Last week a PWP (Psychological Wellbeing Practitioner) ALIEE November 25th 2020 put a post on this blog, calling for Panorama to take note of the desperate plight of PWPs – the main providers of services in the Improving Access to Psychological Therapies (IAPT) Service. Unfortunately the track record of the media in this regard is not good. It is a year since Radio 4 chose to broadcast predominantly the voices of  lead figures in IAPT and well known fellow travellers, rather than give expression to those at the coalface  and their clients.   One wonders what it takes for the media to wake up and ‘smell the coffee’ – £4billion has been spent on IAPT over the last decade all without any independent audit. Given the current, parlous state of Government finances this should at least come under independent critical review, perhaps by the Office for Budget Responsibility.

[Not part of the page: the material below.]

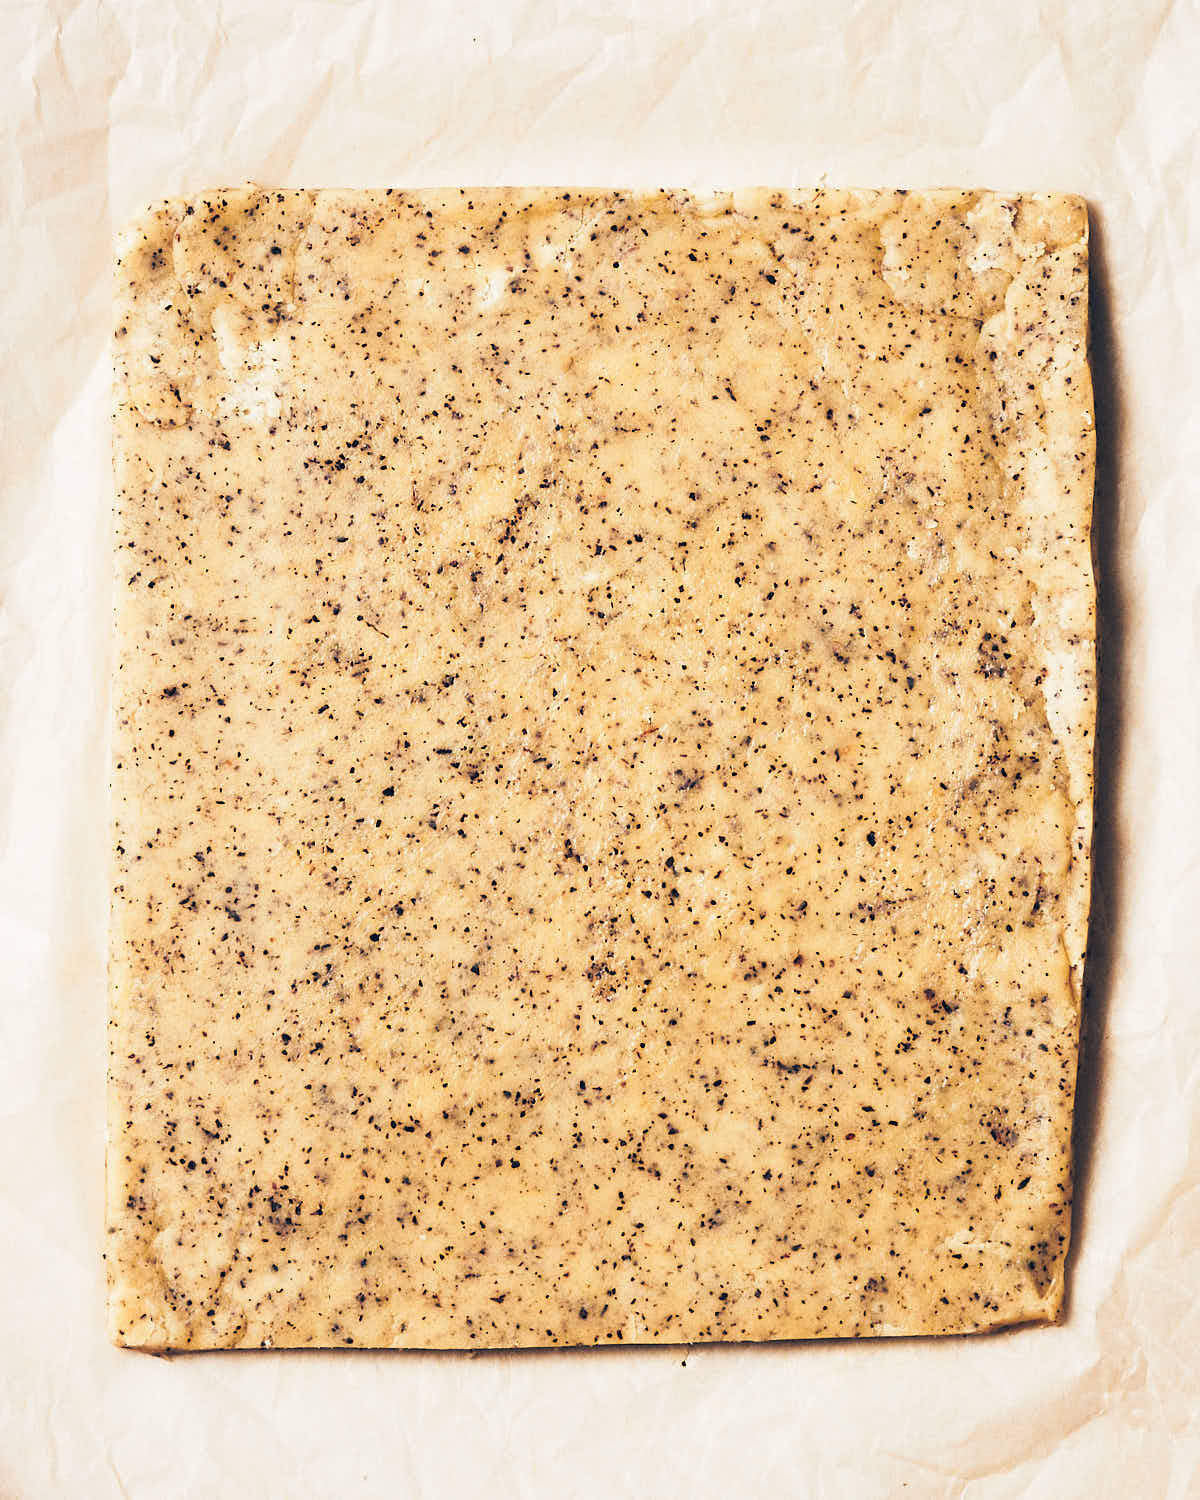 Earl grey shortbread dough that has been rolled into a square on parchment paper.

When a PWP candidly admits “I am trained to overlook the full picture”, it raises eyebrows. Then when ALIEE goes on to say that she operates purely with the ‘5 area model’,  this is jaw dropping.  This is not a model for any psychological disorder, by itself it is a heuristic for providing generic cbt, which has never been considered an evidence-supported treatment. Then this PWP states if clients still have high PHQ9 and GAD7 scores by the 4th session, it is the client who should be interrogated for their  competence in scoring, with the threat that if such scores persist there is the spectre of criticism from superiors. This is tantamount to fiddling results. It is atrocious that AIEE has been placed in this invidious position. I do not believe she is weak but rather like a prisoner at Auschwitz charged with the removal of dead bodies from a gas chamber.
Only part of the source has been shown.